Why are you running Symantec Endpoint Protection which is only available to businesses? If this is a business machine then you should be addressing these issues with your IT Department.


----------



## flavallee (May 12, 2002)

Cookiegal said:


> Why are you running Symantec Endpoint Protection which is only available to businesses?


I was wondering about that too.



TheQueenly1 said:


> Tech Support Guy System Info Utility version 1.0.0.2
> OS Version: Microsoft Windows XP Professional, Service Pack 3, 32 bit
> Processor: Intel(R) Pentium(R) Dual CPU E2160 @ 1.80GHz, x86 Family 6 Model 15 Stepping 13
> Processor Count: 2
> ...


It appears to be a Dell Inspiron 530 or Dell Inspiron 530s, so I'm guessing it's a home computer.

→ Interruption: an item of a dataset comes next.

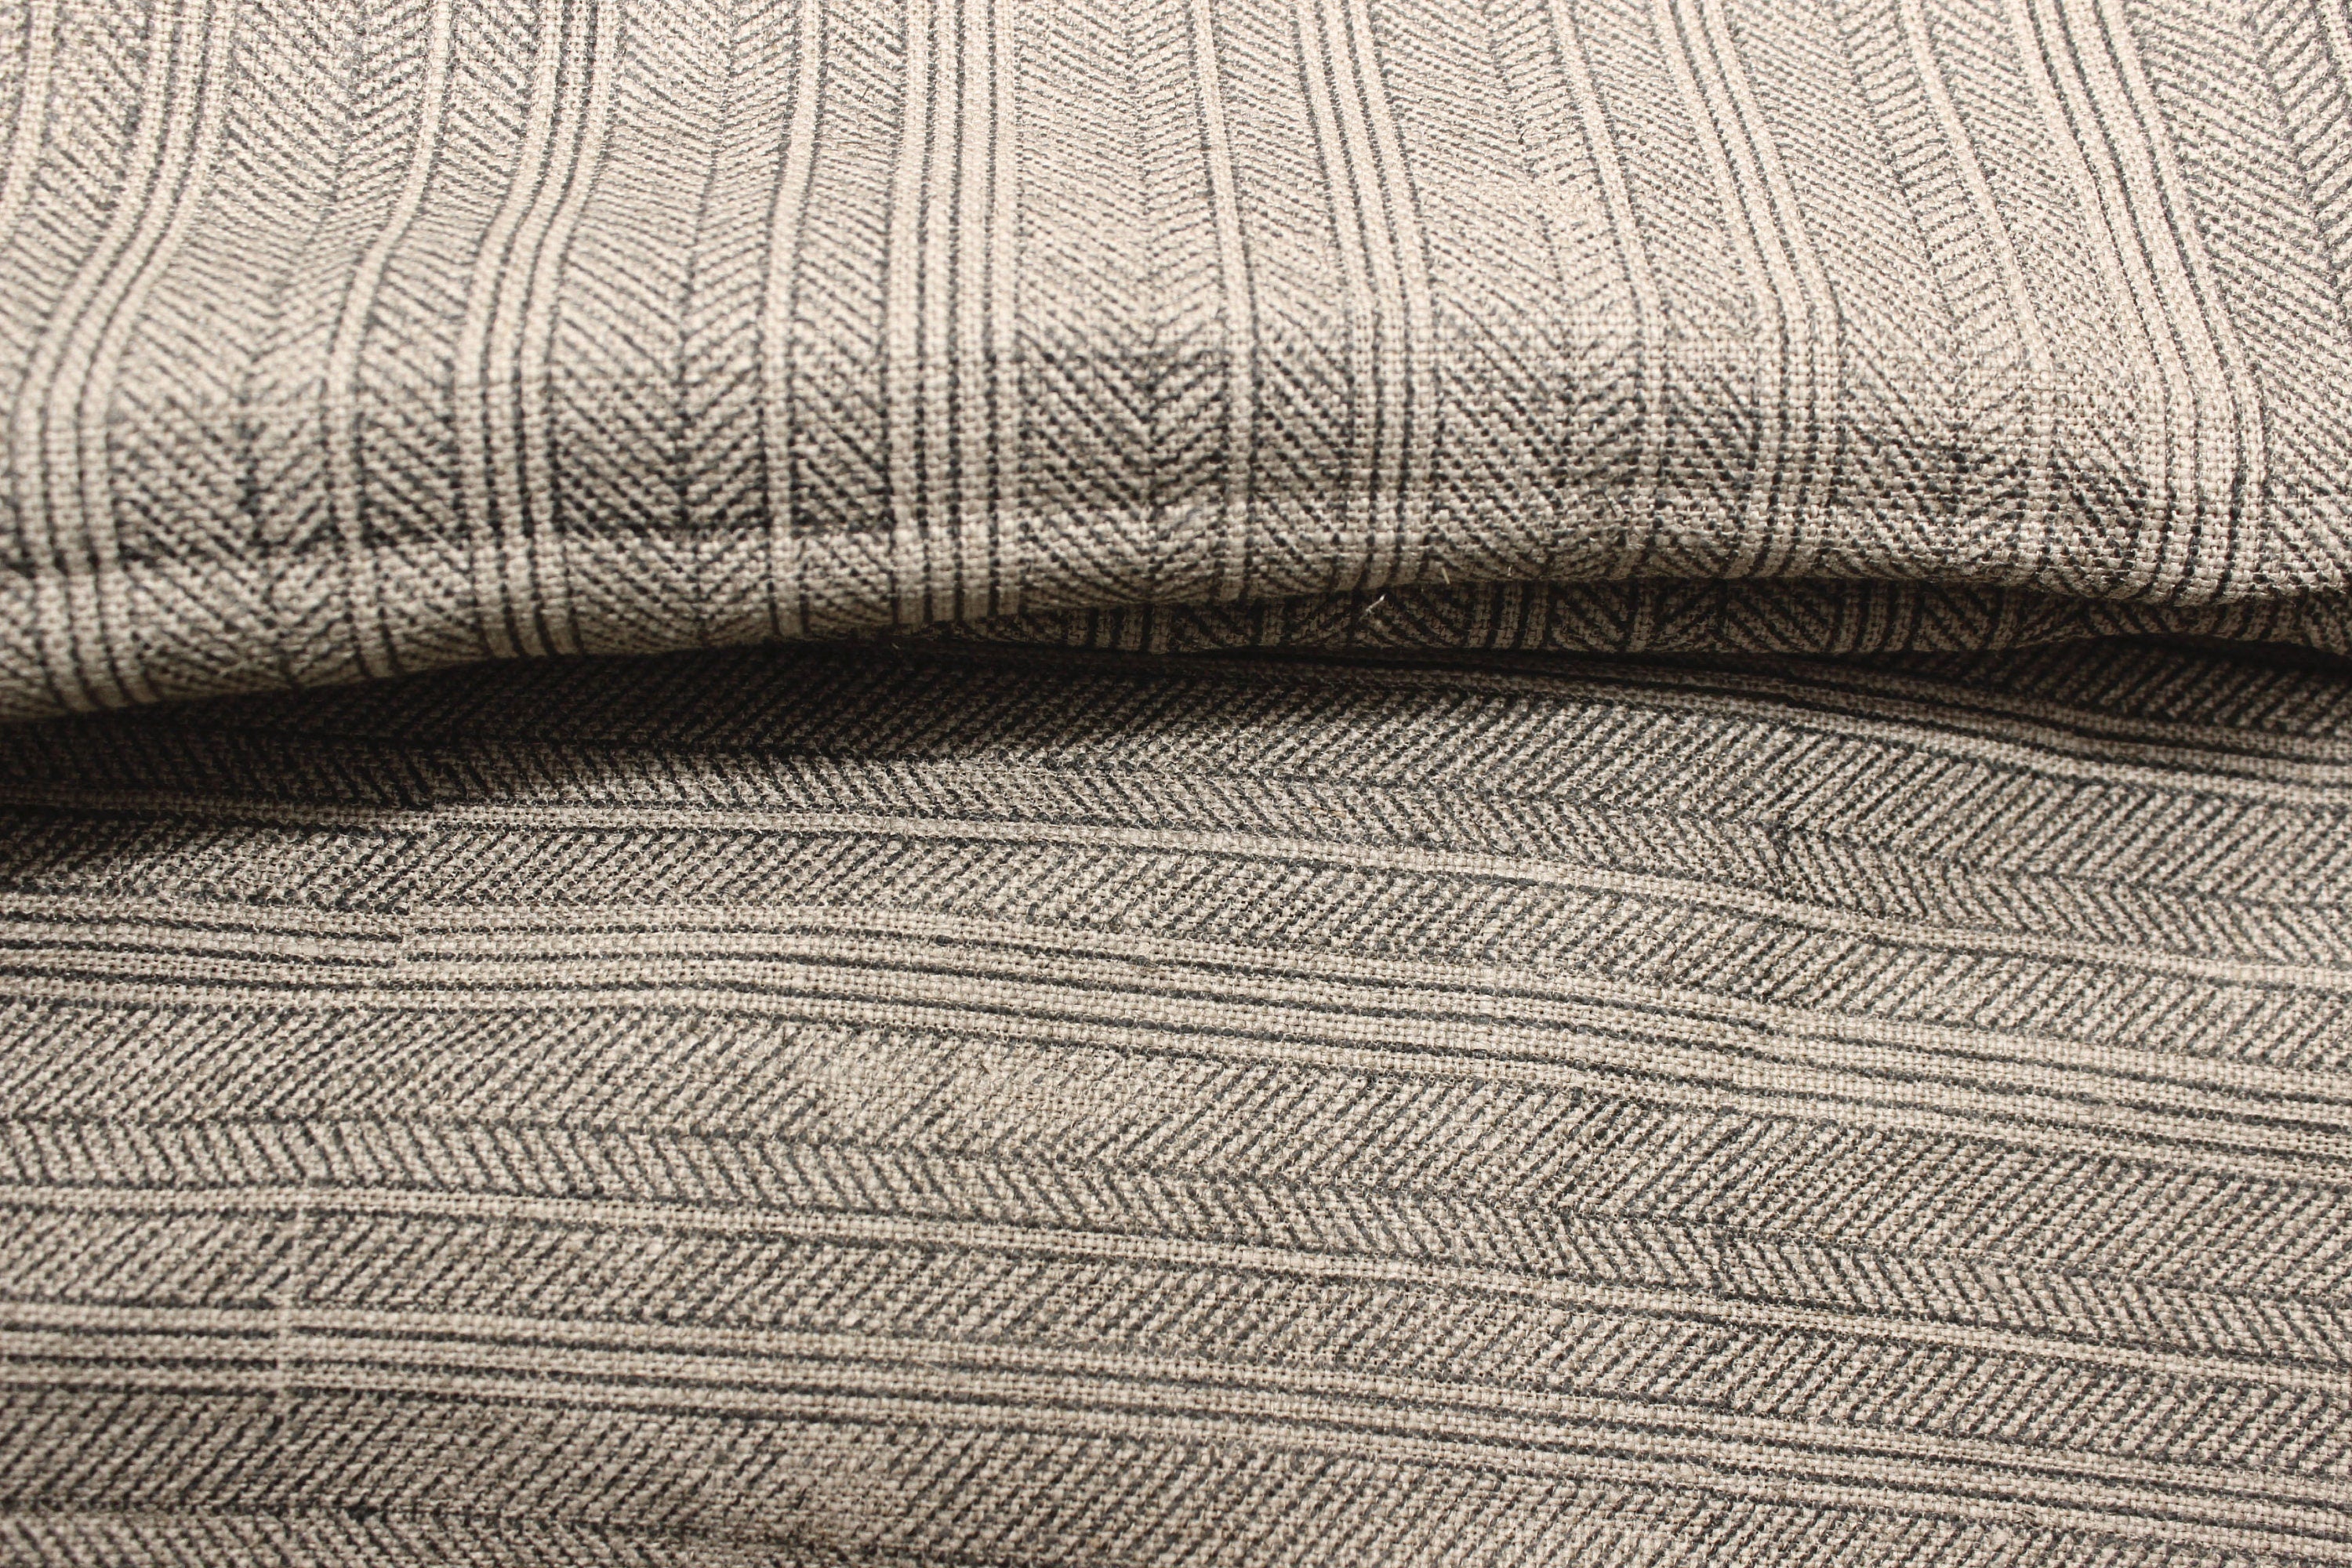 Black Leheriya  100% Flax Linen With Block Print  Handmade Wood Blocked Printing  Indian Fabrics By The Yard  Upholstery & Pillow Decors
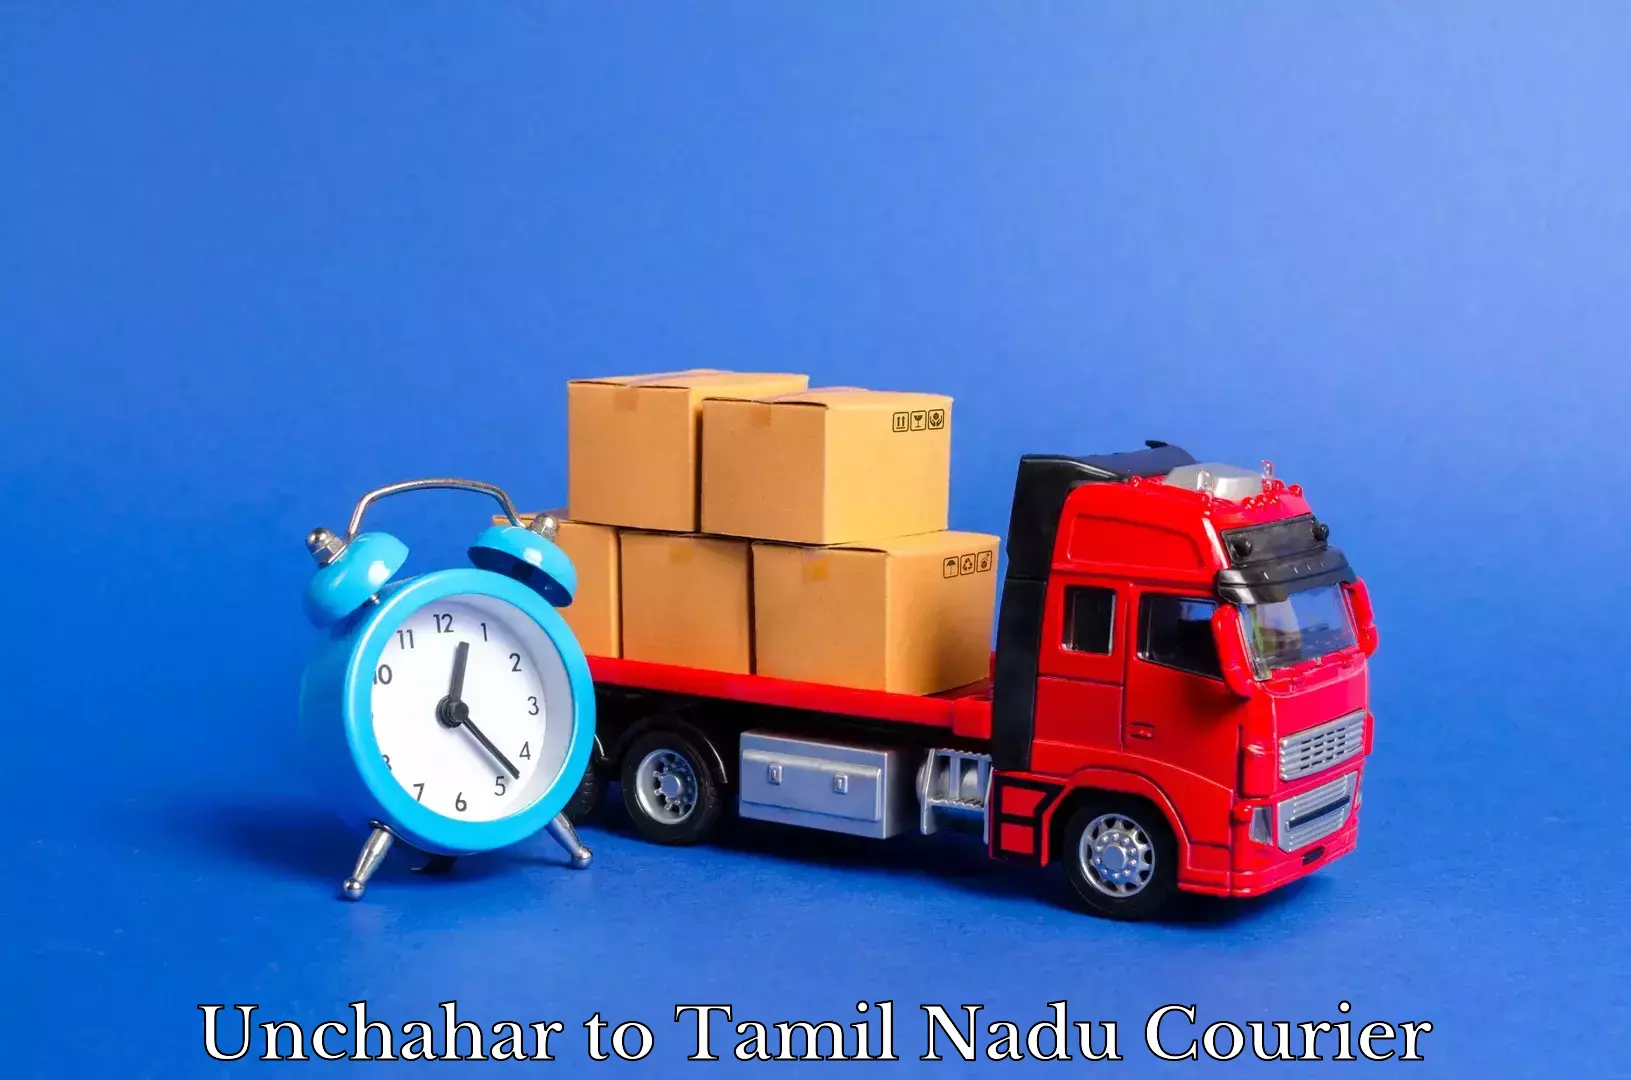 Professional furniture movers Unchahar to Melmaruvathur

---------------------------------------------------------


----------



## chetan_savade (Apr 22, 2013)

Content deleted - unverified/unauthorized representation from a company.


----------



## TheQueenly1 (Jul 23, 2012)

To Everyone, especially Captainron276: Sorry it took me so long to get back to this thread. Symantec reappeared as inexplicably as the icon disappeared, and it has been properly updated and seems to be in fine working order now. I thank all those here who tried to help me. Sincerely, TheQueenly1


----------



## captainron276 (Sep 11, 2010)

Your welcome


----------